While the renin-angiotensin-aldosterone system (RAAS) is critically involved in pathomechanisms related to SARS-CoV-2 infection, the role of ongoing therapy with angiotensin-converting enzyme 1 inhibitors (ACEi) or Angiotensin-II type 1 receptor (AT1R) blockers (ARB) is much less clear. We evaluated the effects of the ACEi enalapril (ENA) and the ARB losartan (LOS) on SARS-CoV-2 infection in human ex vivo-cultured, precision-cut lung slices (PCLS) obtained from normal human lung tissue.

Methods

PCLS were pre-treated for 5d with vehicle, LOS or ENA (300 µM), followed by mock infection or infection with SARS-CoV-2 and incubation with vehicle, LOS or ENA for 1d or 2d.

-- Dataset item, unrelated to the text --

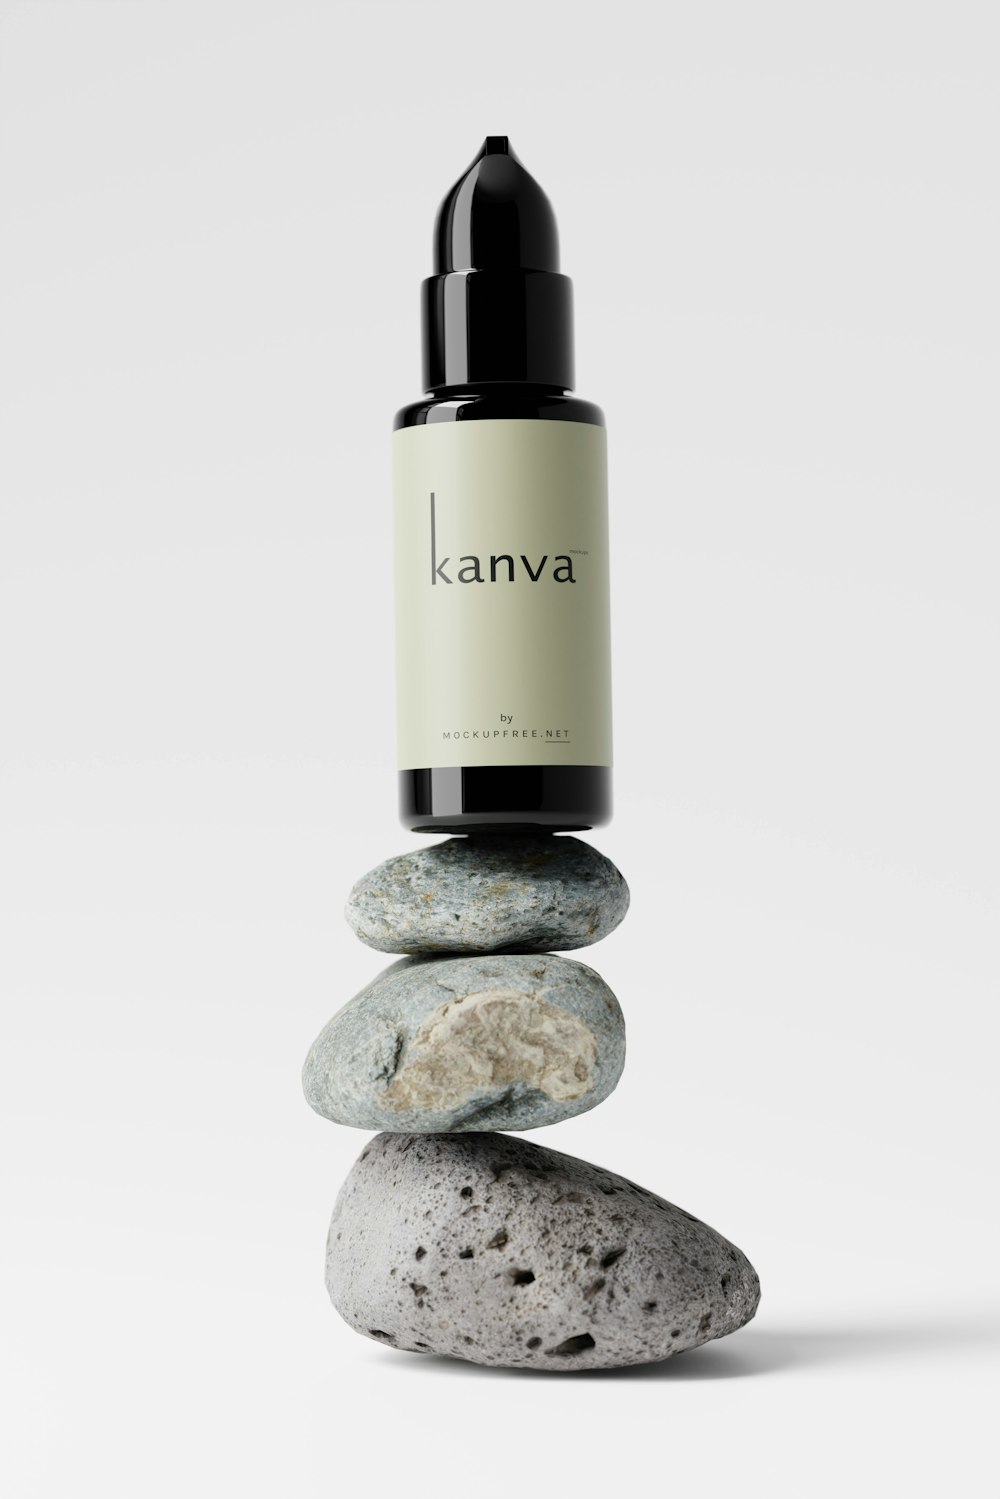 a bottle of kannava sitting on top of a pile of rocks

Thereafter, PCLS were harvested for analysis of viral replication, inflammatory responses, endoplasmic reticulum (ER) stress and apoptosis pathways.

Results

Both LOS and ENA significantly reduced viral replication in PCLS, with ENA being more potent. LOS was more efficient than ENA in reducing the expression of IL1B, CCL2, CXCL2 and TNFA, but not of IL6, whereas ENA preferentially caused a reduction of IL6 and CCL2 in SARS-CoV-2-infected PCLS. Further, ENA, but not LOS, significantly decreased the expression of viral entry factors, ACE2 and transmembrane serine protease 2 (TMPRSS2), in infected PCLS. Importantly, LOS or ENA did not exert cytotoxic effects.

Conclusions

RAAS-antagonizing drugs do not seem to exert detrimental effects during SARS-CoV-2 infection. In opposite, in an ex-vivo model of human PCLS, such treatment was found to dampen SARS-CoV-2 infection and consecutive inflammation.